## YOUR GOAL
Keep every word of the listing and drop the images when you write it out.

## SUPPLIED MATERIAL
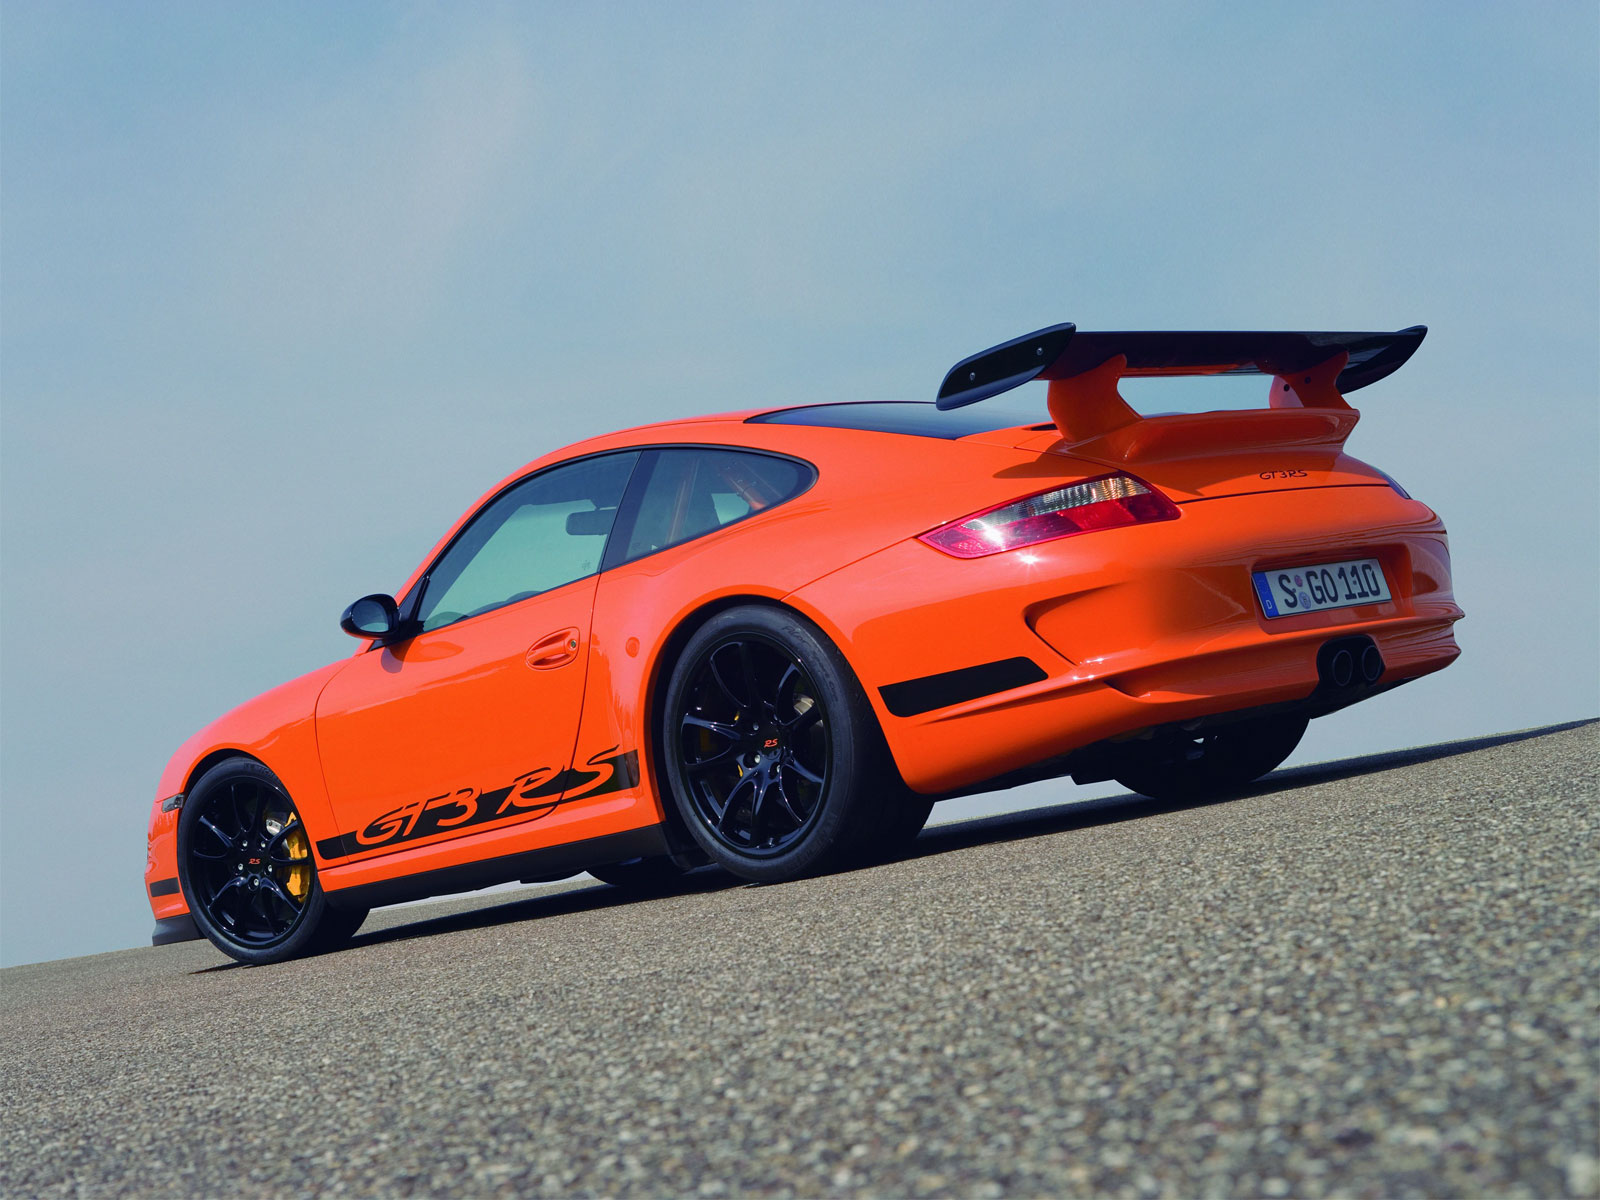 Porsche Gt3 RS Tuning Rear Side View HD Wallpapers
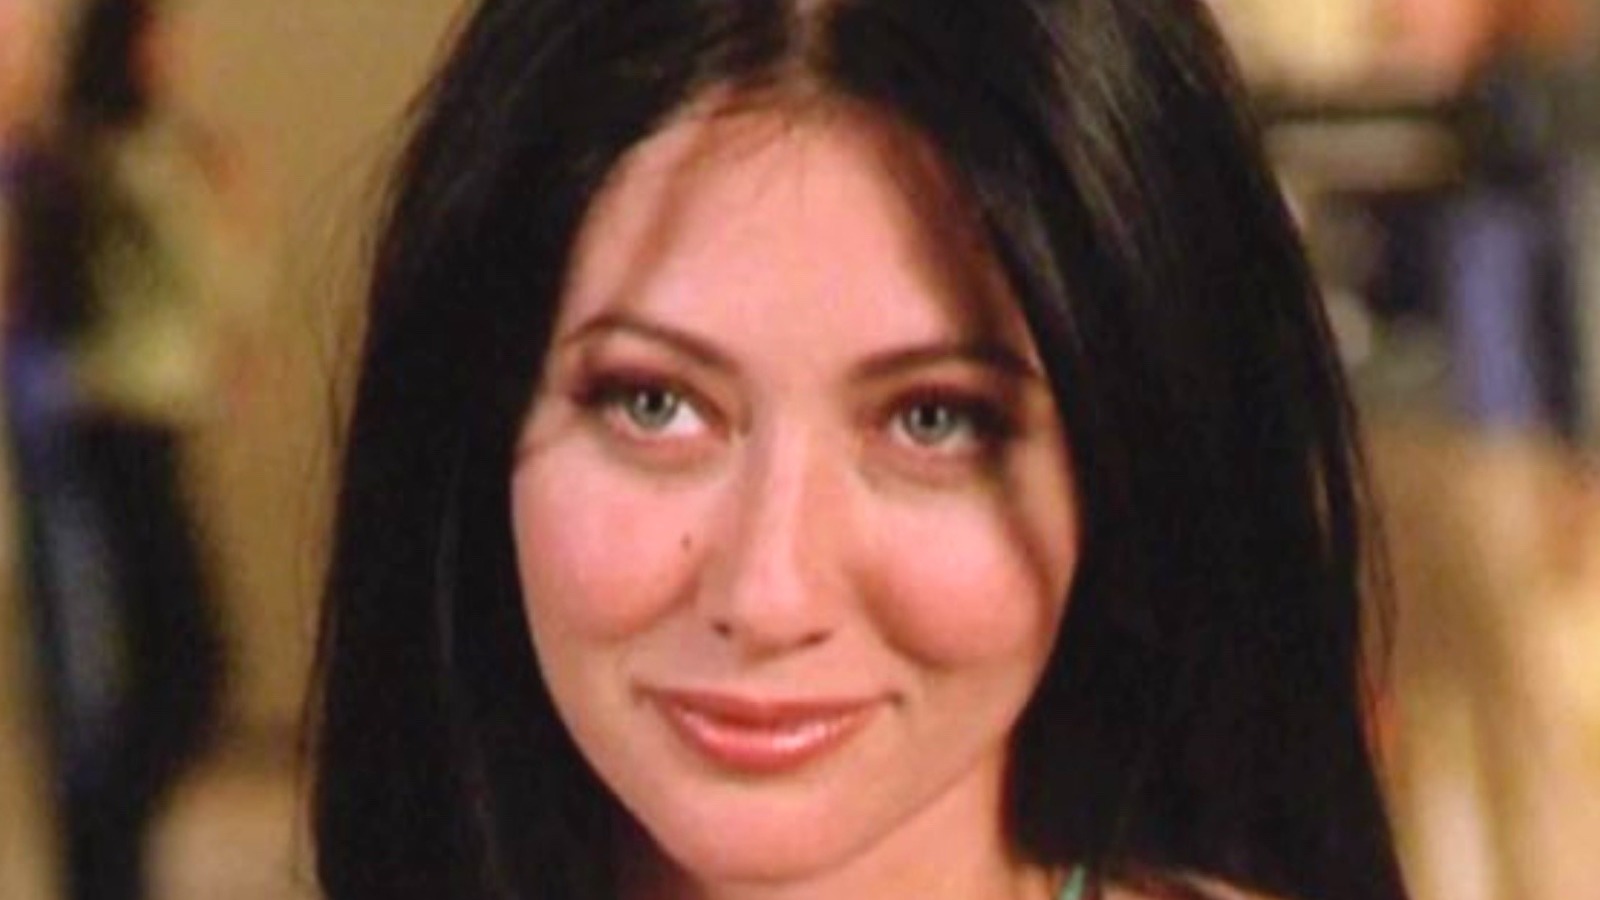 Alyssa Milano on 'Charmed' costar Shannen Doherty: 'I could take
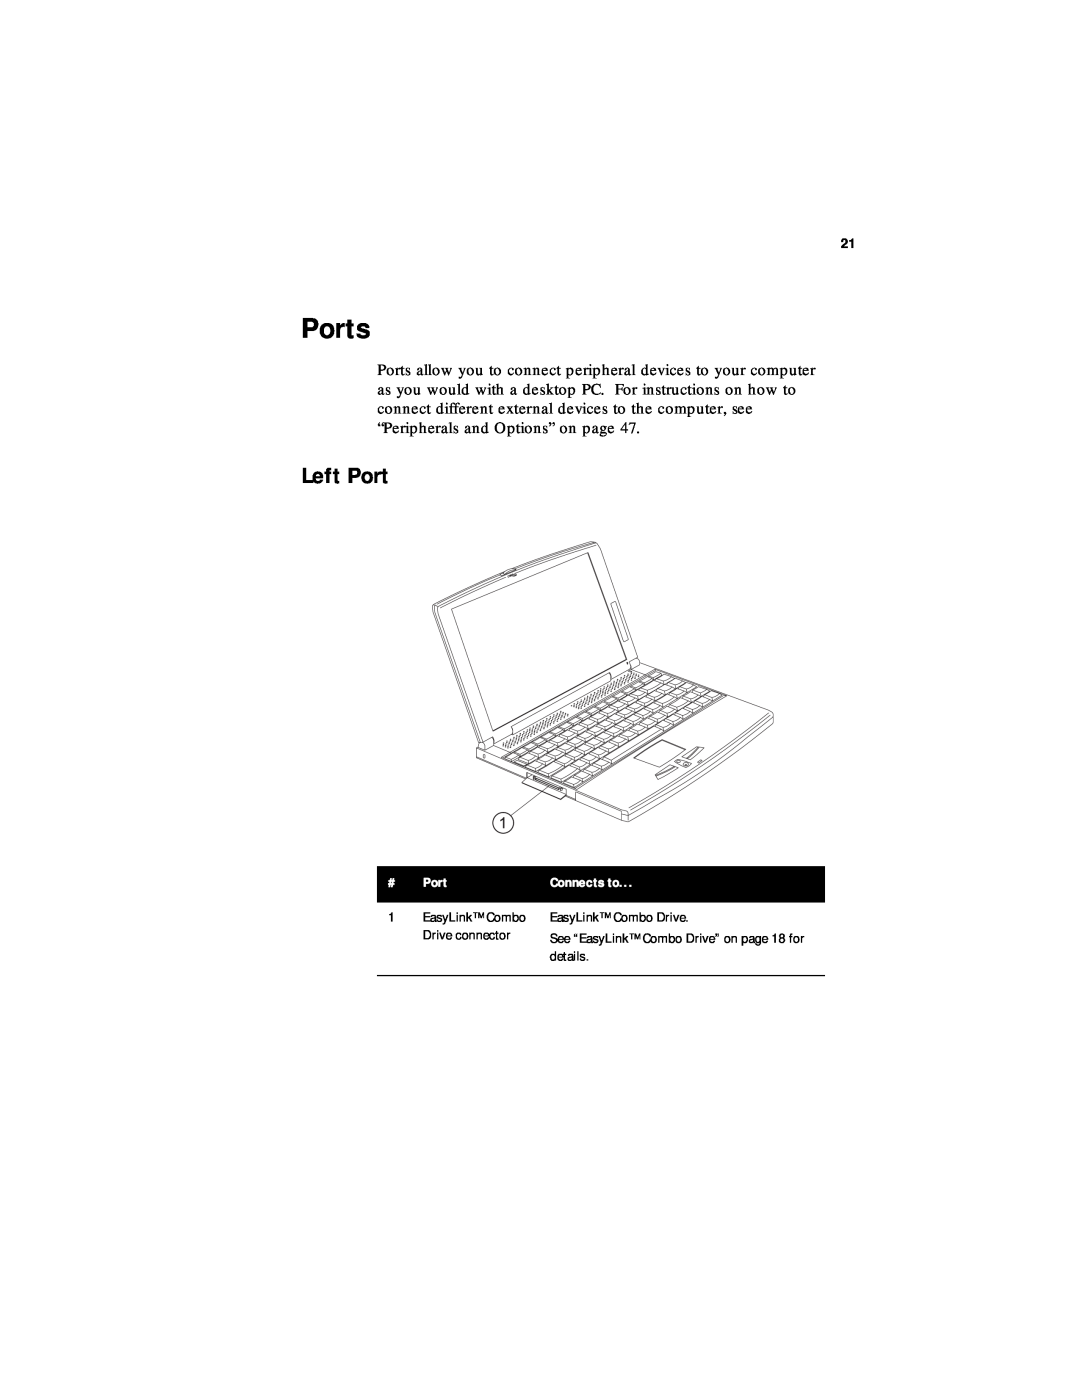 Acer 330 Series manual Ports, Left Port, Connects to, See “EasyLink Combo Drive” on page 18 for 
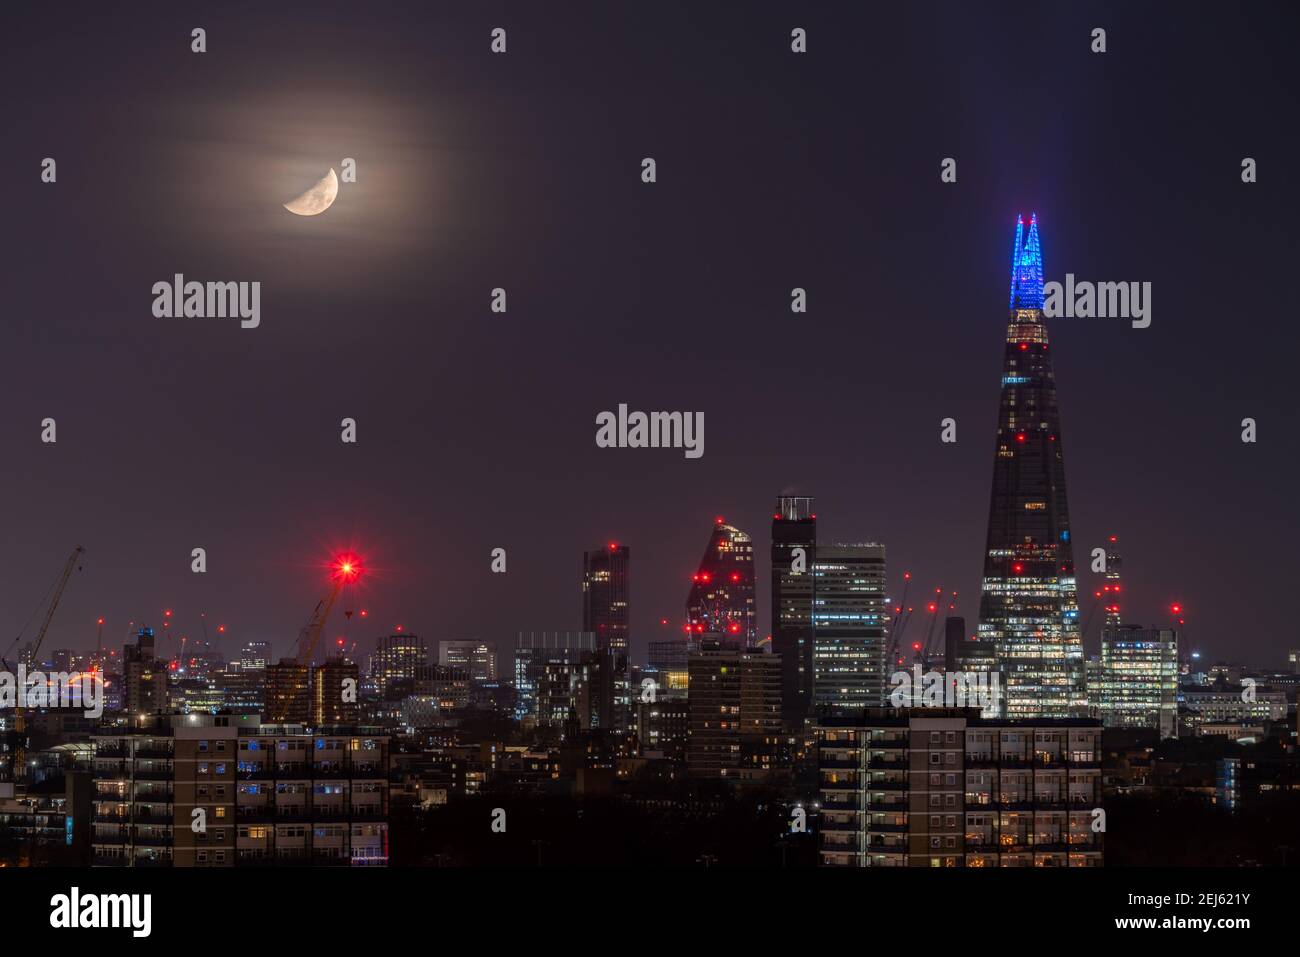 UK Weather: A first quarter moon sets just after midnight over the city following a west north westerly direction. London, UK. Stock Photo

## SOLUTION
 Porsche Gt3 RS Tuning Rear Side View HD Wallpapers
 Alyssa Milano on 'Charmed' costar Shannen Doherty: 'I could take
 Acer 330 Series manual Ports, Left Port, Connects to, See “EasyLink Combo Drive” on page 18 for 
 UK Weather: A first quarter moon sets just after midnight over the city following a west north westerly direction. London, UK. Stock Photo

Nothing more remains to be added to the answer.